Some students cannot see the relevance of studying a subject or topic that seems outside their discipline area. To help them see the value of the component, you can emphasise the positive outcomes which include:
- an opportunity to gain broader knowledge, which will help to build their expertise and allow them more diverse career opportunities.
- a chance to enhance their undergraduate experience and to share knowledge and learning experiences through mixing with students from other disciplines.
- an opportunity to experience the multidisciplinary nature of their own area of study and its overlap with other research disciplines and professional pathways.
As a ‘core’ topic, the service-taught component requires the same amount of attention and recognition as other teaching within the discipline. For this reason both the discipline’s program coordinator and the service teacher have to work together to contextualise the content of the core course, so that students understand its relevance to their area. Below are some suggestions on ways to do this.
- Provide the students with clear course organisation.
When the program director presents an overview of the course this can help students to understand the context of the service-taught component.
- Discuss how the service-taught component fits with the students' broader curriculum.
Service teachers can consult with the home department about the broader curriculum and the role of service taught component in it, so they can clarify this for their students. See UoS alignment.
- Develop strategies for engaging diverse student groups.
Units of study that bring together students from a range of disciplines are likely to involve highly diverse cohorts. Find out where students are coming from – their background and prior learning – and how curriculum issues may vary across their home faculties and departments. See Diversity in learning and teaching.
- Use examples from the different discipline areas for discussion.
In this way students can understand that your component, even though outside their discipline, is interconnected with other learning. In Science, for example, this could extend to contextualizing some or all of the laboratory work. You may have to consult with other UoS coordinators in their program to find good examples. This helps to not only make your topic relevant to students but to other coordinators as well.
- Integrate team teaching in the course, and encourage active teaching collaboration between the disciplines.
This maximizes the likelihood that students will see the content as relevant to their needs. See Team teaching.
- Include discipline specific tutorials and/or lab work in service-taught units.
This helps to demonstrate the relevance of the service-taught topic to the student’s main area of study.

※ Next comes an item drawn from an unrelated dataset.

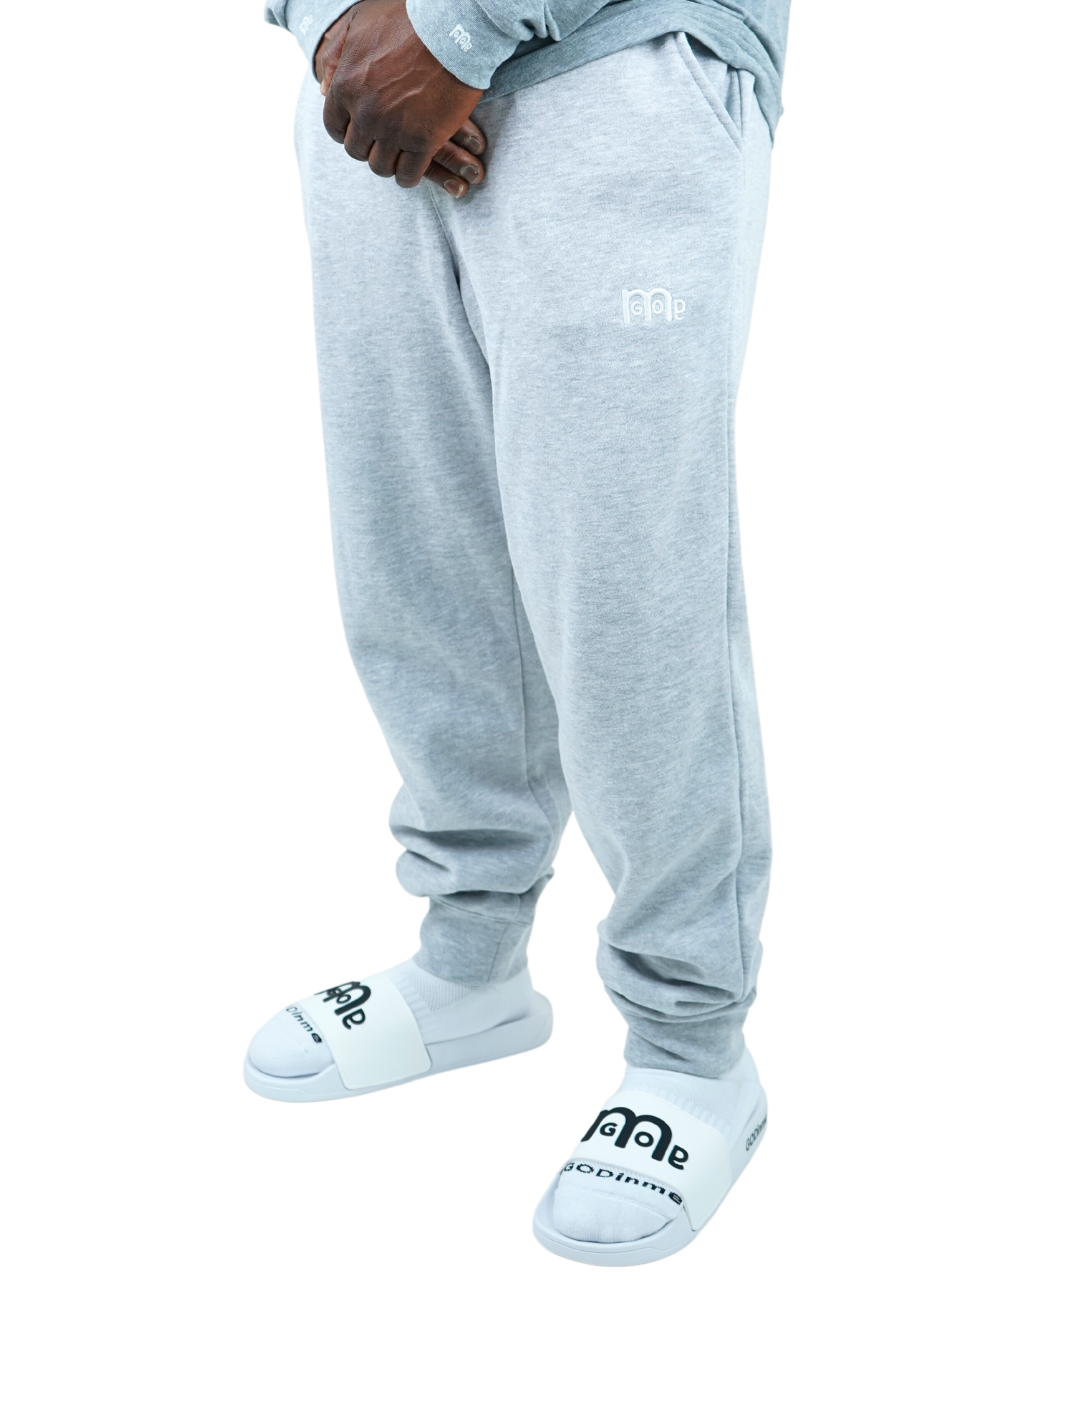 Experience the ultimate comfort in Men's joggers with GODinme! Made with premium quality fabric, these Grey GODinme sweat pants offer an elastic waistband for that perfectly relaxed fit. Featuring ribbing ankle cuffs, sewn eyelets, and the signature GODinme logo (in White) at left leg.

- Situate the service-taught component as a cross-disciplinary collaboration within the students’ course.
This helps to clarify for students the important role your teaching plays in the overall learning outcomes.
If there are a large number of service-taught components in first year courses, new students may feel a sense of fragmentation, or lack a sense of belonging within a learning community.
In this situation the course director or first year coordinator/advisor may need to make an extra effort to ensure that students feel part of a learning community. Some techniques for doing this are discussed in our section on Learning community.